More than 400 medical centers offer formal transition care, but the rate of readmission within 30 days remains high among people older than age 65. “That percentage of medical [readmissions] is somewhere between 20 and 30 percent, depending on what part of the country you’re in,” Dr. Gravenstein says. “That means you have a on1-in-5 chance of ending up back in the hospital if you’re a Medicare patient. To me that’s a lot.”

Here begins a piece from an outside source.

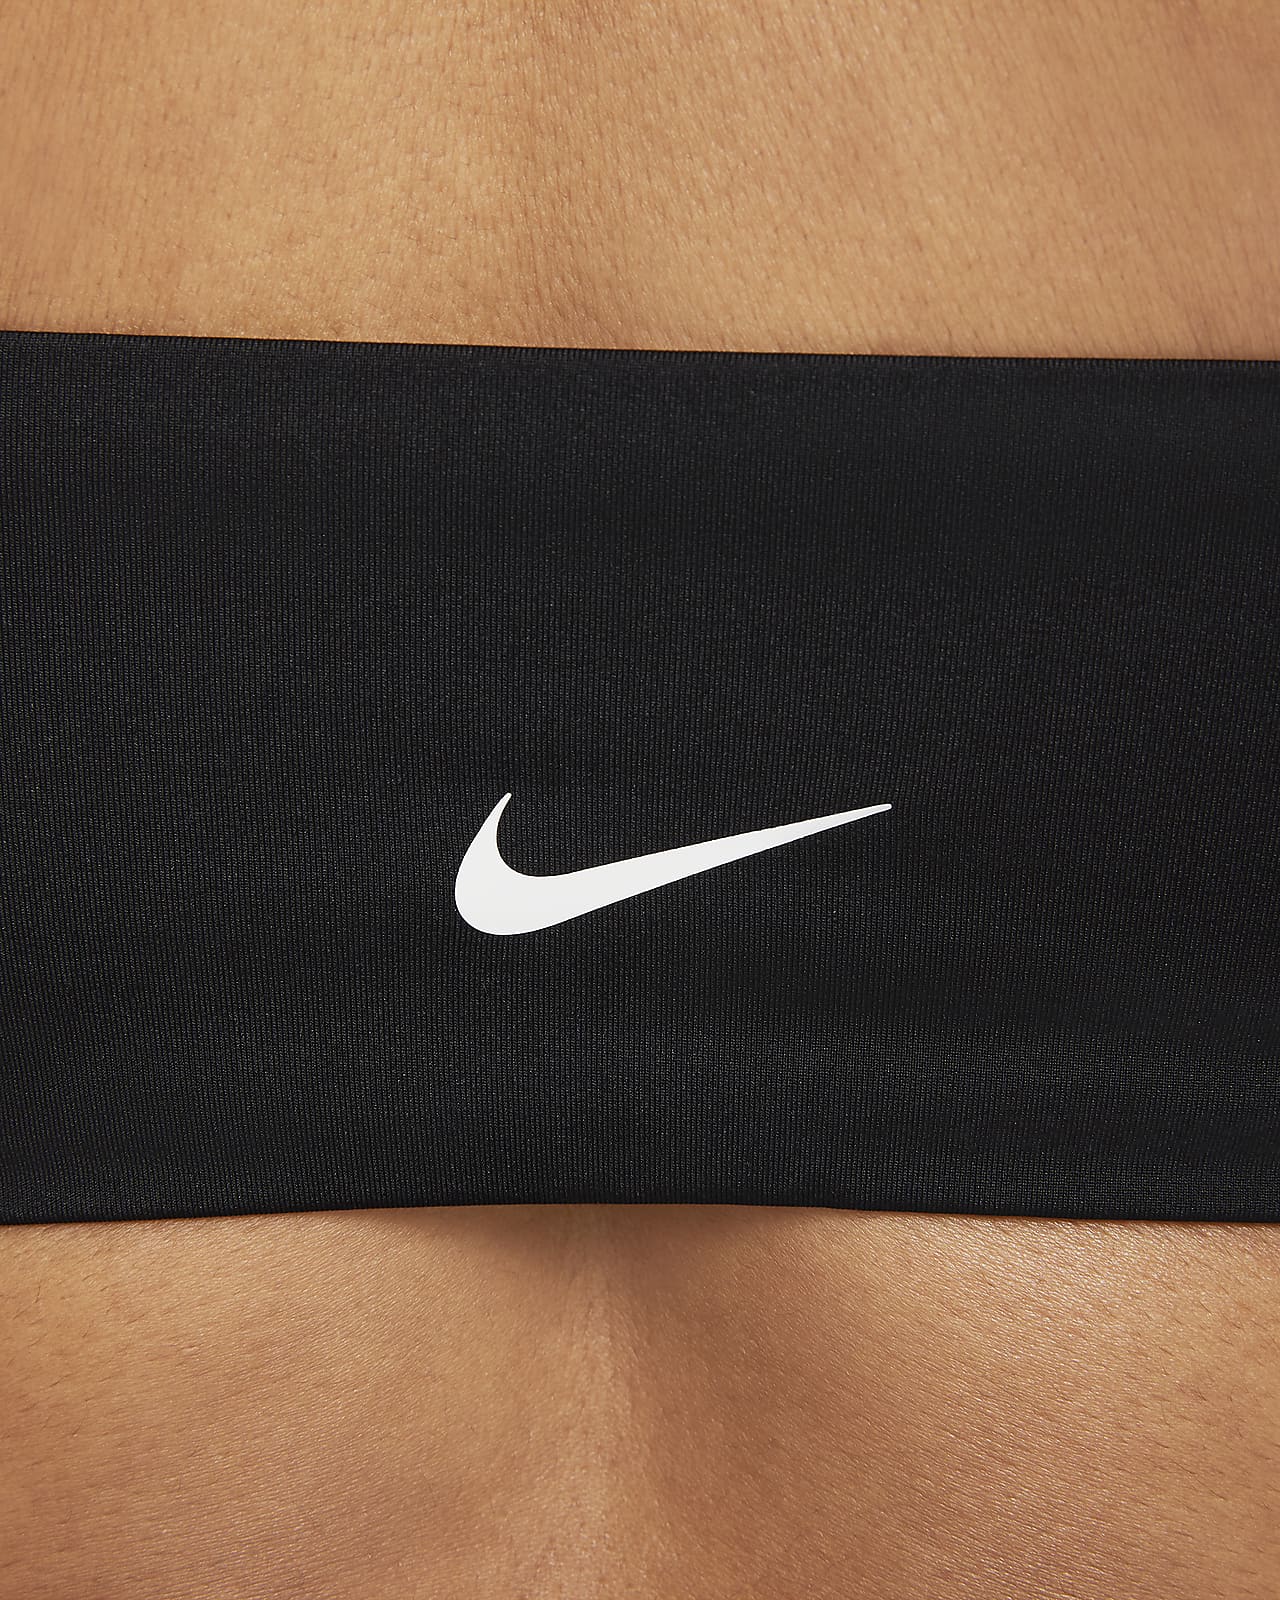 Bandeau Nike Yoga Headband Wide Noir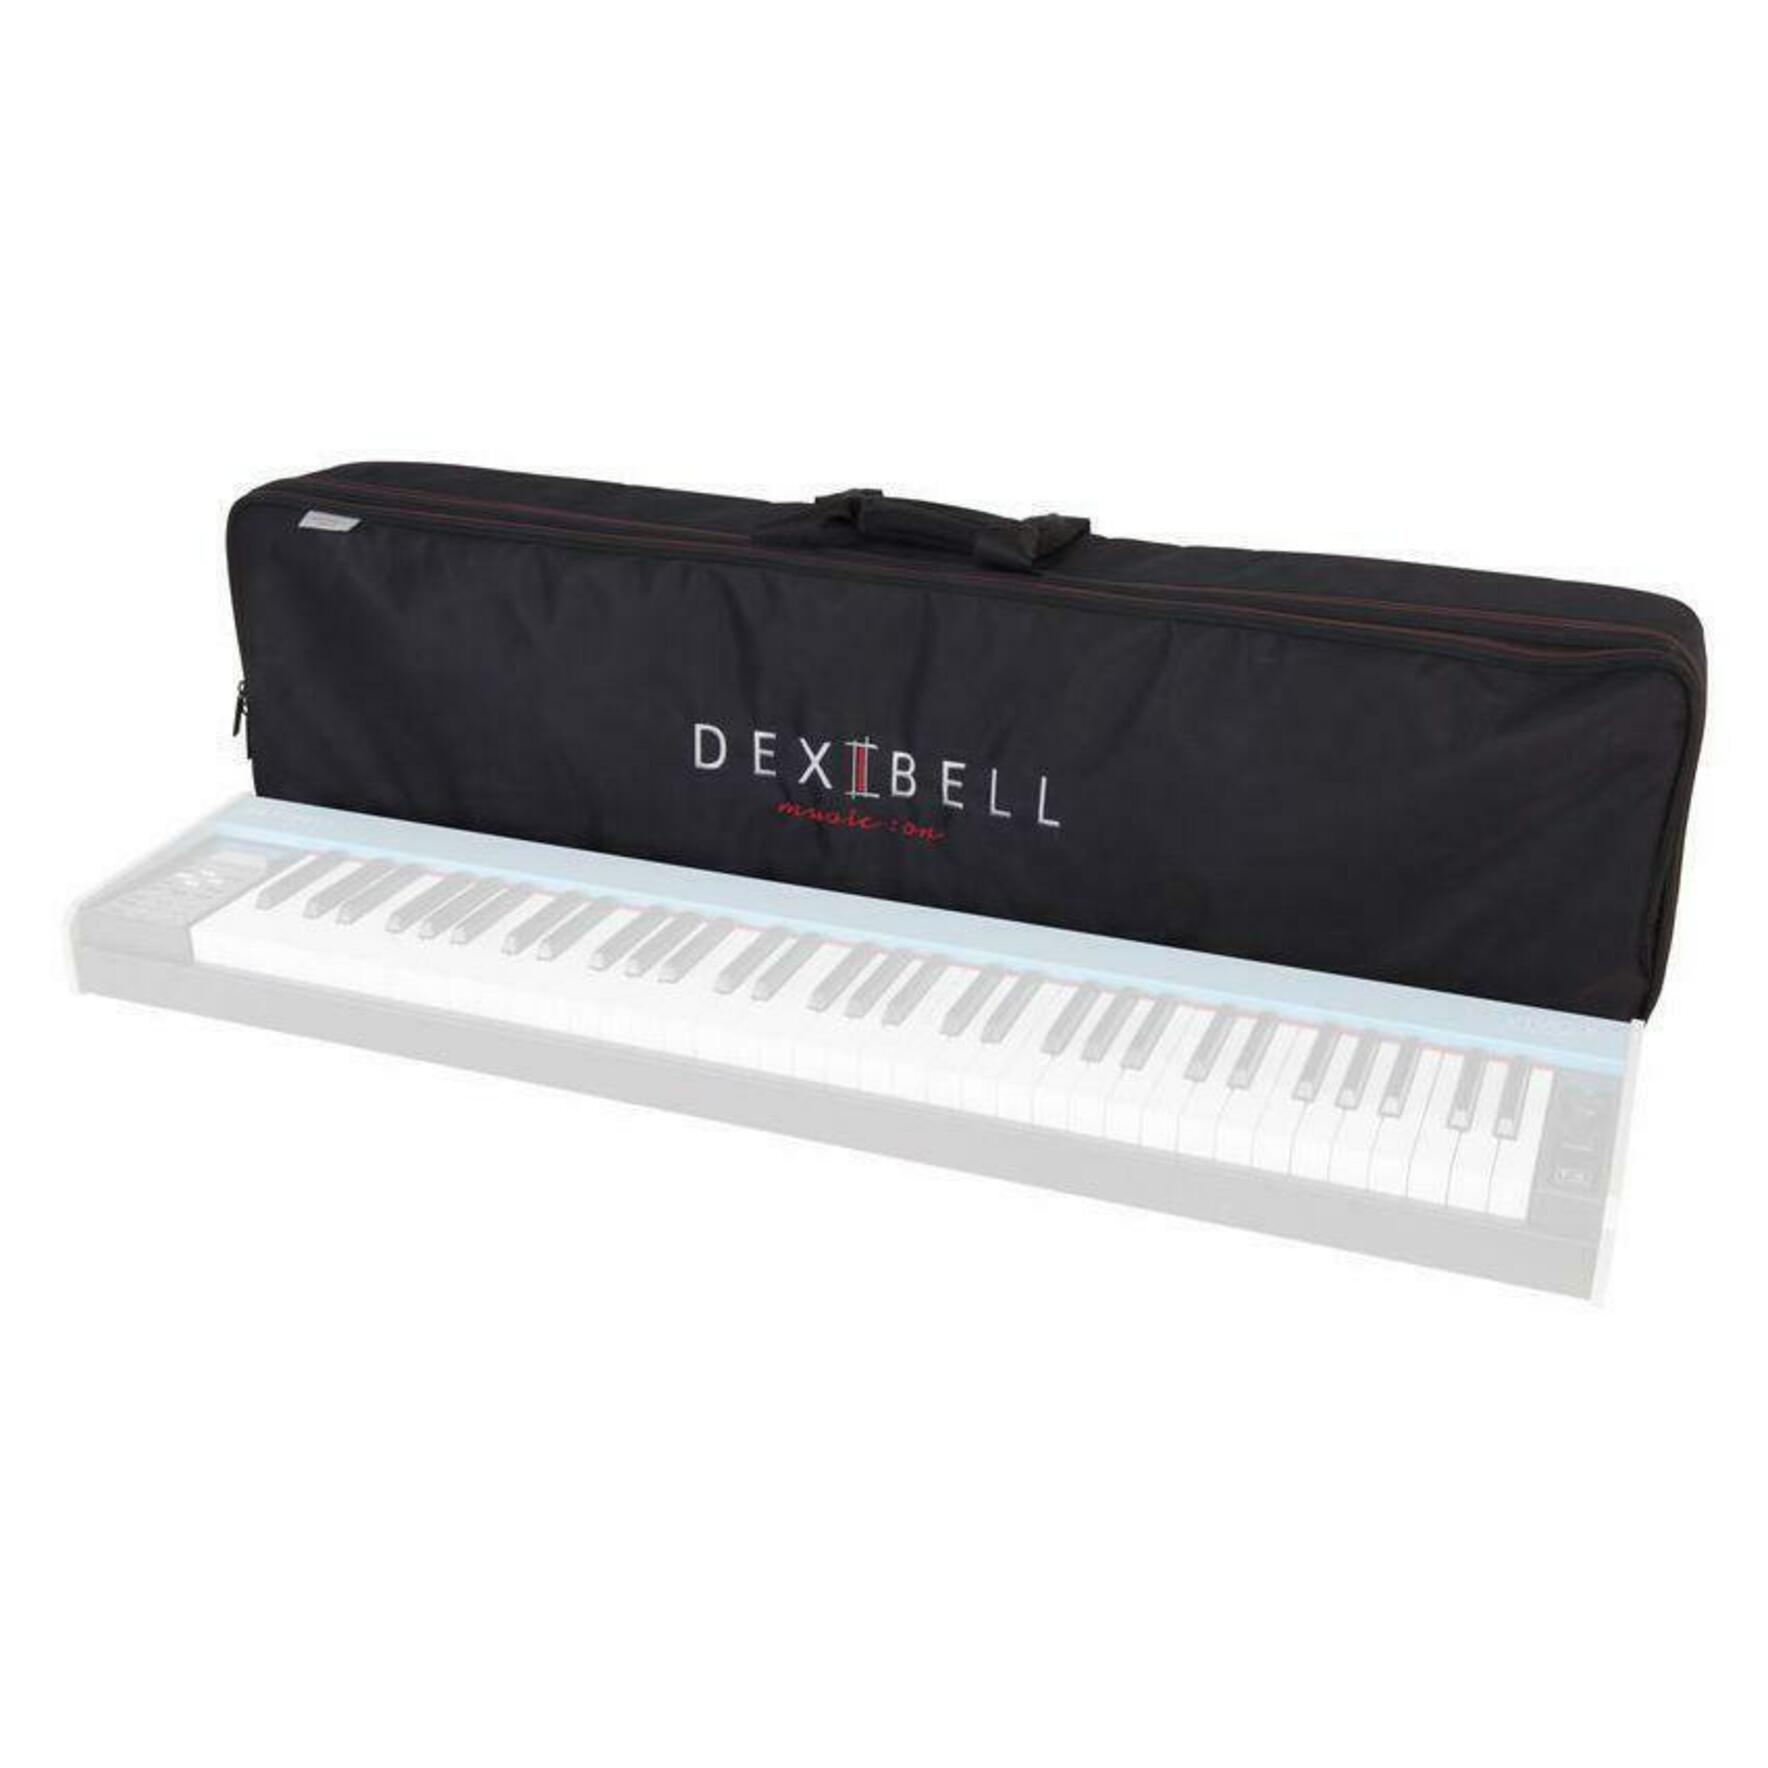 Чехлы и кейсы для клавишных Dexibell Bag S1 (для VIVO S-1) чехлы и кейсы для клавишных dexibell bag s1 для vivo s 1

Patients being discharged should have the four skills that the CTI program teaches, he adds. “We providers should be teaching patients how to do this in the first place. That should be part of their vocabulary. They should be health literate, and the fact they don’t know means we are failing them in a big way.”


 

Another study assessed a transition-care program at Baylor Medical Center Garland, in Texas, for heart failure patients aged 65 and older. Of the 140 Medicare patients eligible for the study, 56 (40 percent) elected to participate. They received guidance from specially trained nurses before discharge and at least eight home visits, and their readmission rate was 48 percent lower than the group that didn’t take part.

“The response was impressive,” says lead author Brett D. Stauffer, MD, an internal medicine doctor at Baylor Healthcare System in Dallas and a clinical scholar at the Institute for Health Care Research and Improvement. “As much as we’d like to believe that patients listen to their doctors, the fact is, when you’re in the hospital and getting discharged home, you often are in a state of flux,” he says. Intervention is effective when patients “have someone with medical knowledge interacting with them in their homes, rather than just getting abstract directions at time of discharge.”

An editorial in Archives of Internal Medicine points out that a weakness of both studies was the low participation rate. Dr. Stauffer’s team didn’t study why patients didn’t participate; anecdotally, some said they didn’t want someone from the hospital going to their home.

Still, he believes patients will get accustomed to the practice. “We are so early on in the discovery phase and implementation phase, there is lots of opportunity for people to learn to do this,” he says.

Geoffrey H. Westrich, MD, is co-director of joint replacement research at the Hospital for Special Surgery in New York City, which performed 8,000 knee and hip replacements last year. Though transition programs likely pay off in the long run, he says, the short-term price tag is a challenge.

“We know if you spend more money on it and had nurses contacting patients postoperatively, I think we would drastically lower our re-admission rates. The problem is there are upfront costs, and who will pay for that? With 8,000 knee and hip replacements, we would need to hire several nurses whose whole job would be contacting patients,” Dr. Westrich says. “It’s a good concept, and I fully believe in follow-up and transition care, but I think the cost is always going to be a factor.”